In 2017, when I participated at the European Symposium on Poultry Nutrition (ESPN) in Tarragona, Spain, I complained about several things, but this year, after having spent a great week at ESPN in Gdansk, Poland, I have nothing but praise to heap on the organizers.
First, the city itself, Gdansk, is a living museum of history going back centuries (reading Wikipedia pages for Hanseatic League and Free City of Danzig is a great way to spend an hour or so) and as recent as the world-changing Solidarity movement of Lech Walesa. It was a thrilling experience to visit such a place where World War II started, not to mention the spectacularly restored Old City.
Polish people proved great hosts and I wish I had more time to try the local food. I was too busy gulping down an ingenious creation, a marvel of innovation for carnivores: the Tomahawk steak, weighing in at 1,000 grams (35 ounces). It must have been the rib of some Godzilla, but it went down like freshly baked apple pie with vanilla ice cream from Curtis Orchard (fond memories and all that, but I digress). So, kudos for hospitality to the great people of Poland on all fronts.
And I will not forget the trip down the estuary of the Vistula River all the way to the Baltic Sea, sailing like Jack Sparrow on the fake (but very nicely done) Black Pearl ship (courtesy of my great Polish friend Jedrzej). I do not recall the trip back because Polish beer Tyskie is now my favorite, and nobody was keeping tabs.

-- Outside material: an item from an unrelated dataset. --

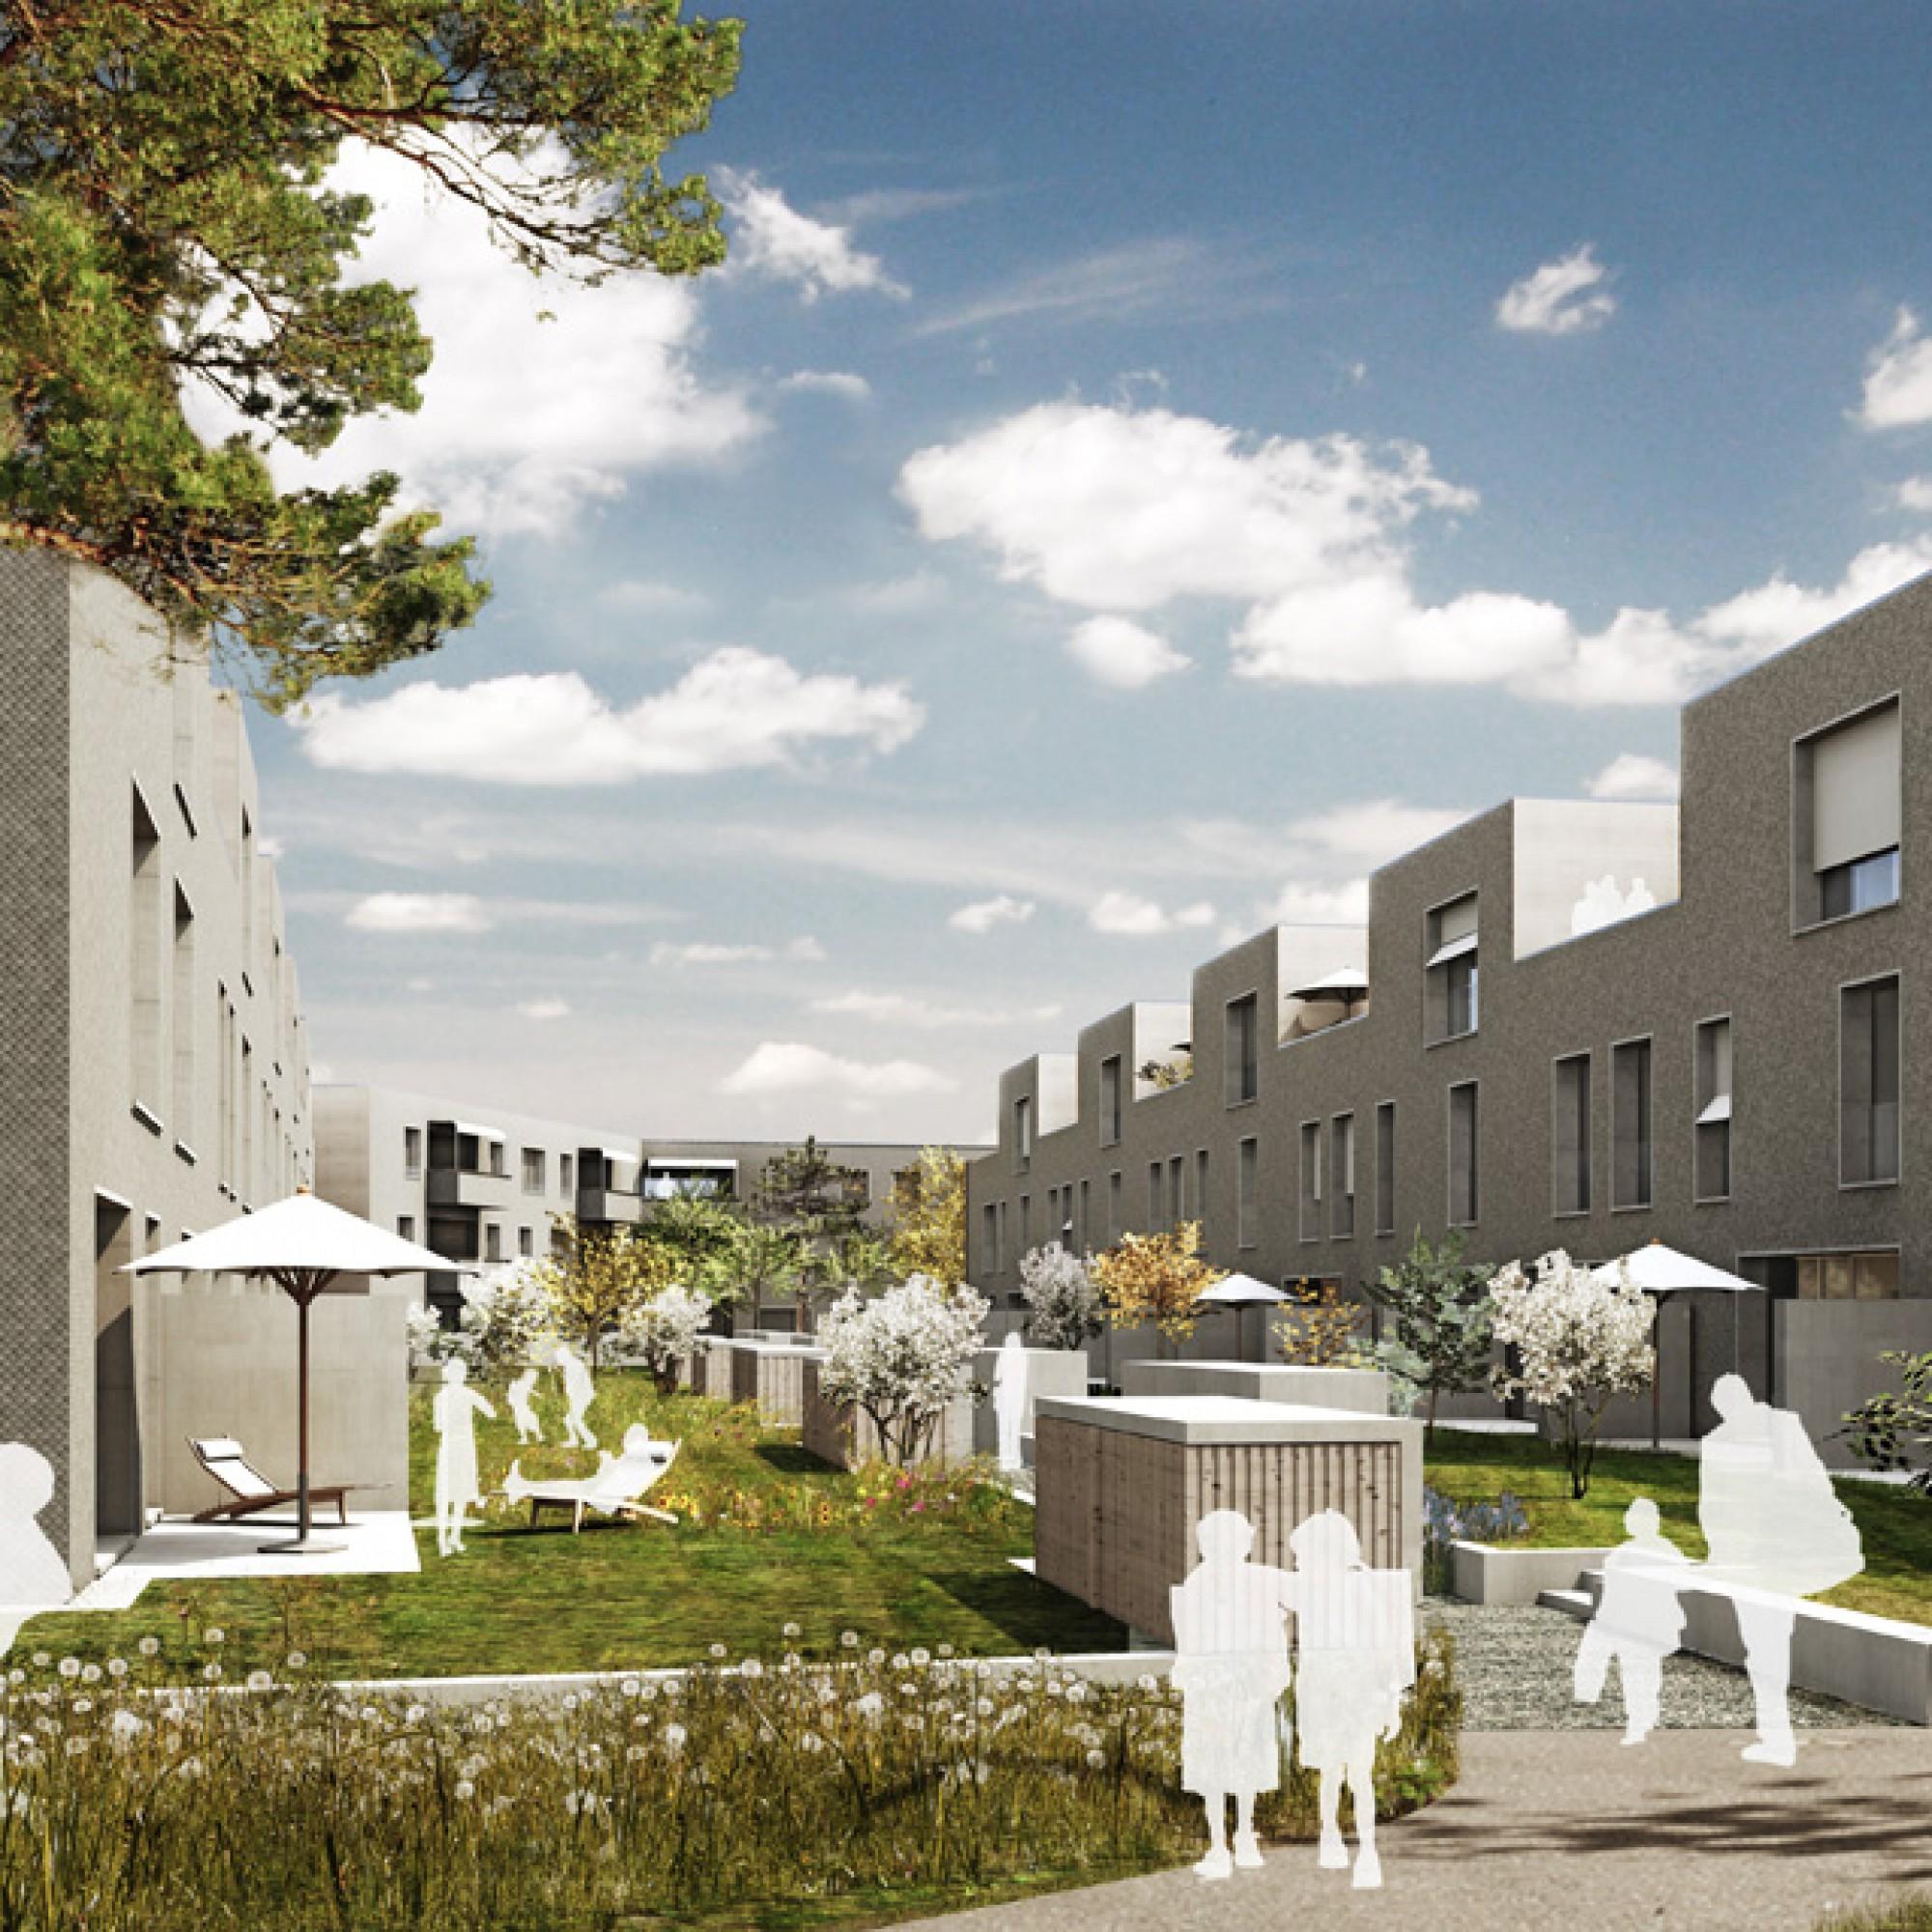 Auf dem Schorenareal werden nebst Mehrfamilienhäusern mit Eigentumswohnungen auch 43 Stadthäuser gebaut. (Bild: zvg)
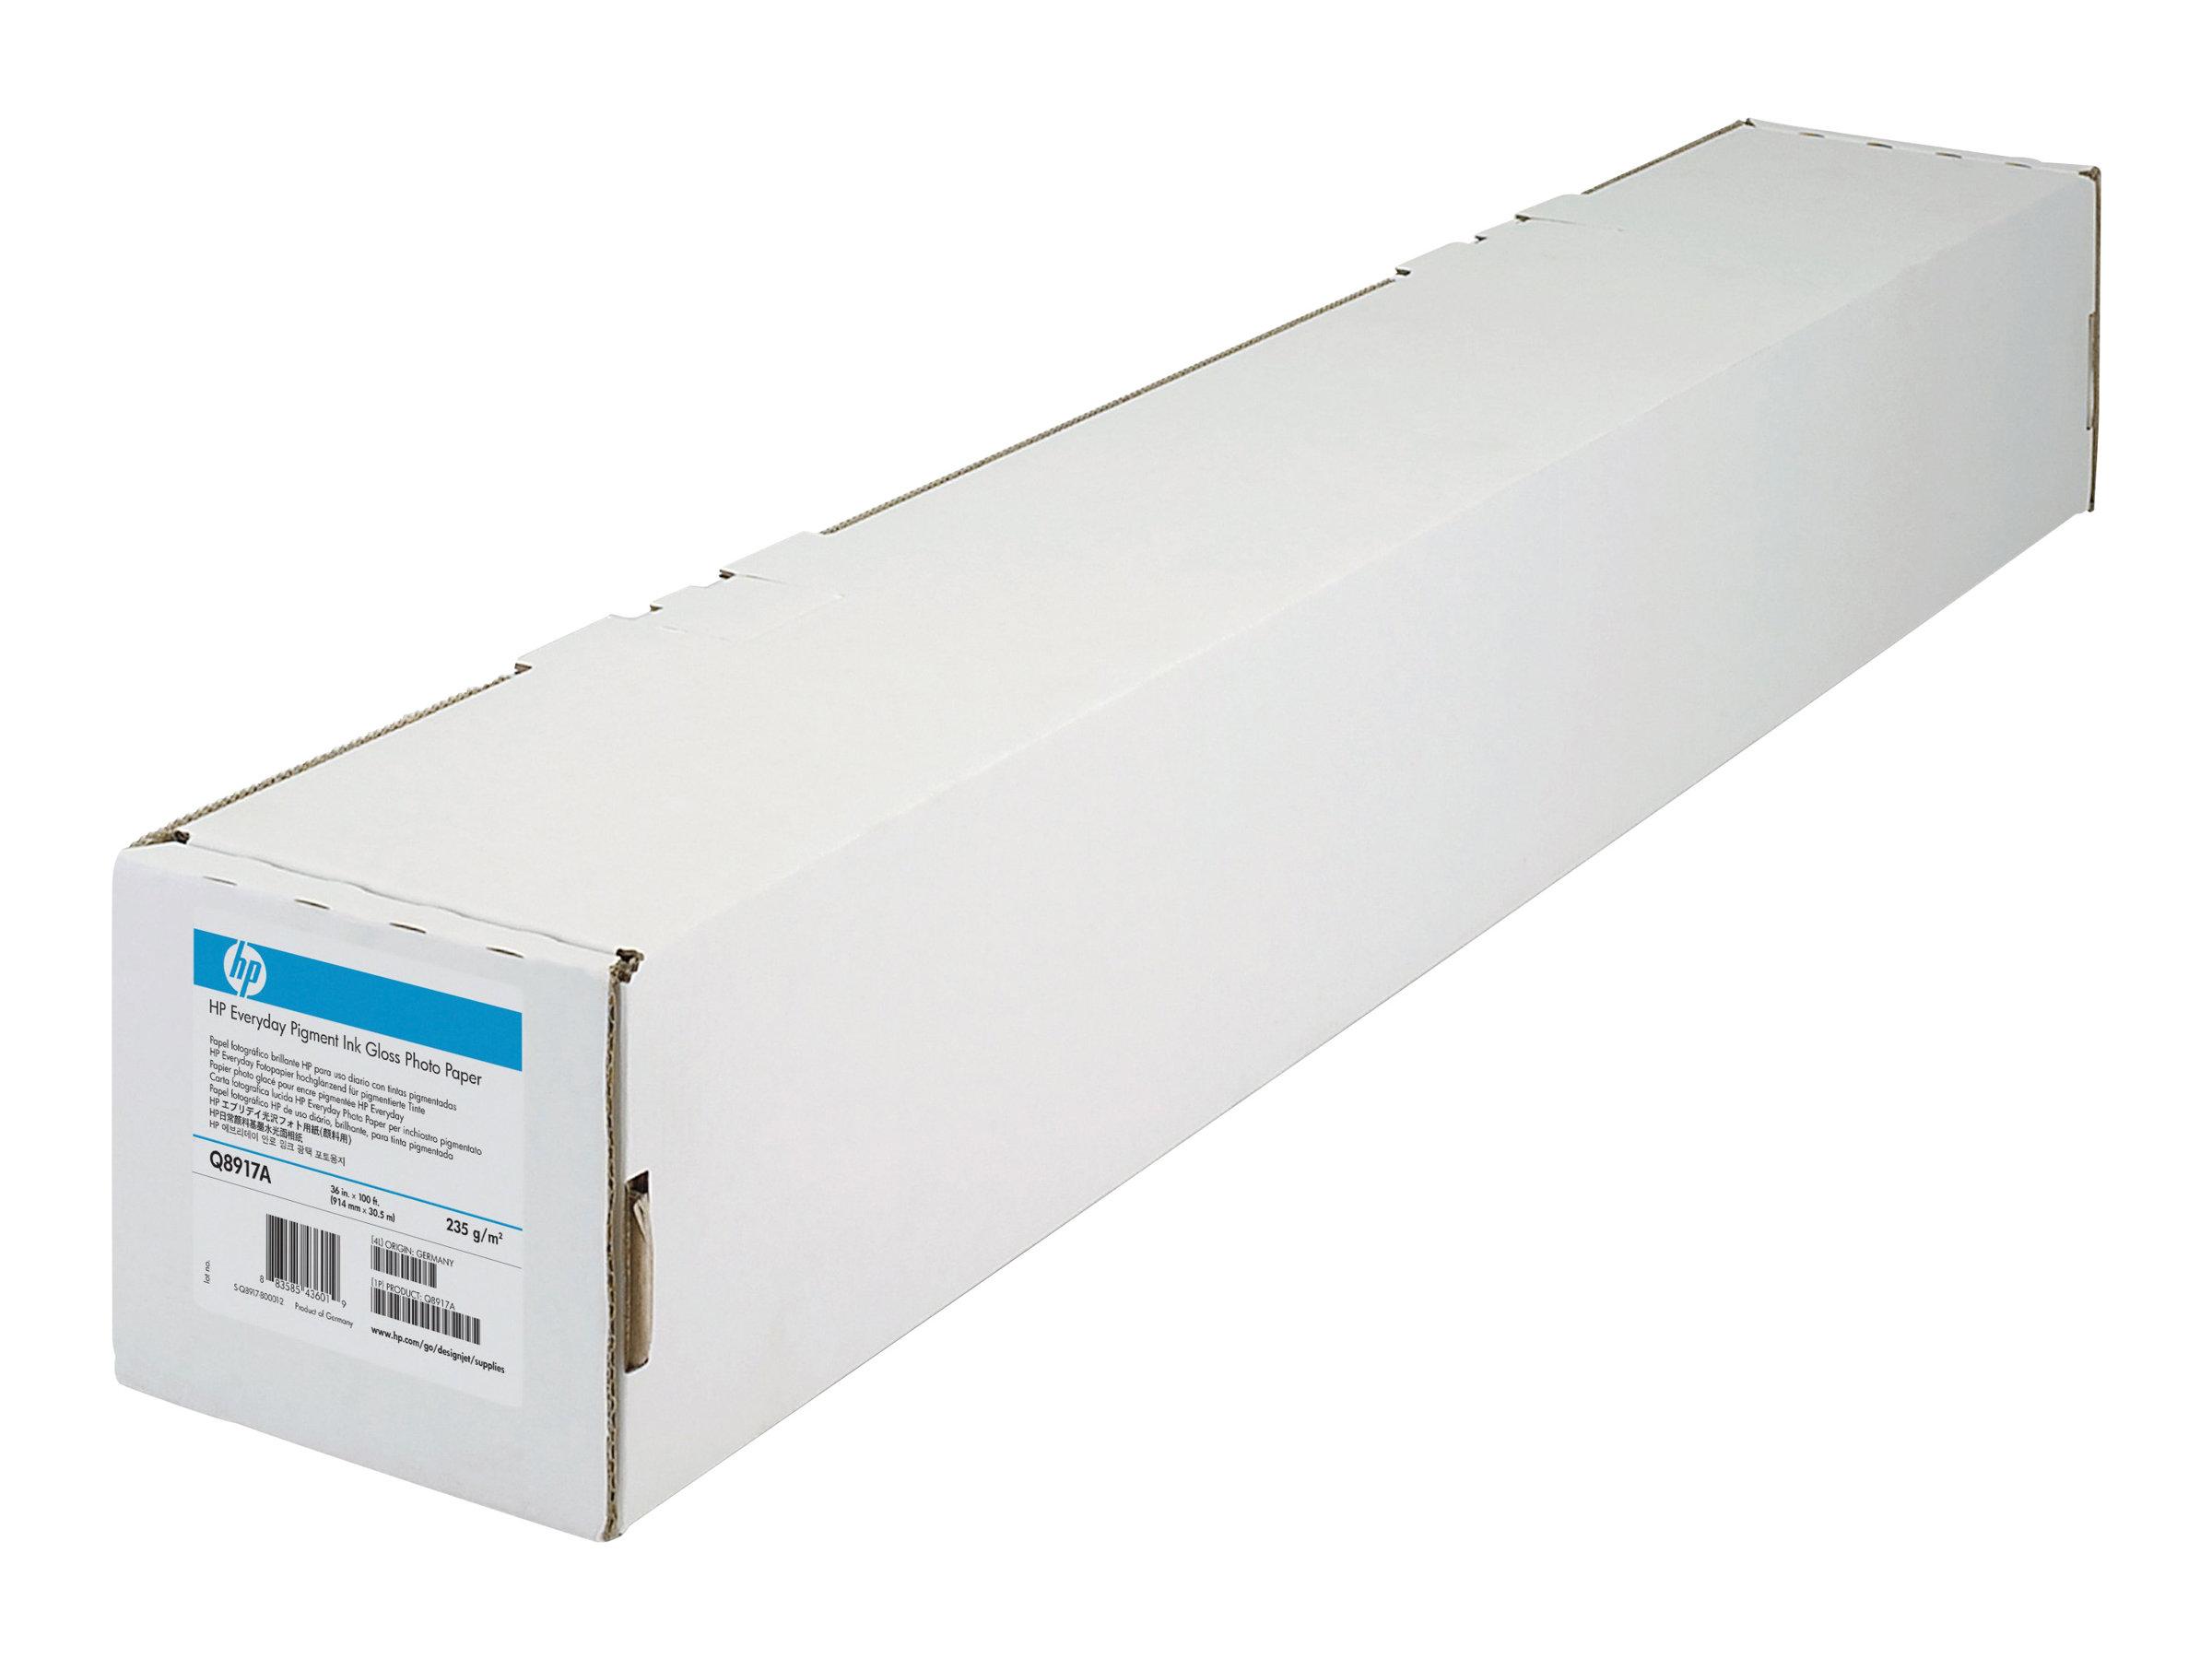 HP Beschichtet - Rolle A1 (61,0 cm x 30,5 m) Papier

As for the ESPN conference center, it was a well-organized three-hall building where everyone got fair treatment, including the private sector that had a sizable and well-presented exhibition hall. I don’t know about the conference food, as I was digesting the T-Rex steak of each previous night’s dinner, but coffee, orange juice and pastries were freely available all possible hours. As far as I know, everything went super smoothly from registration to airport duty-free credit card charges for Soplica liquor (that’s another story.)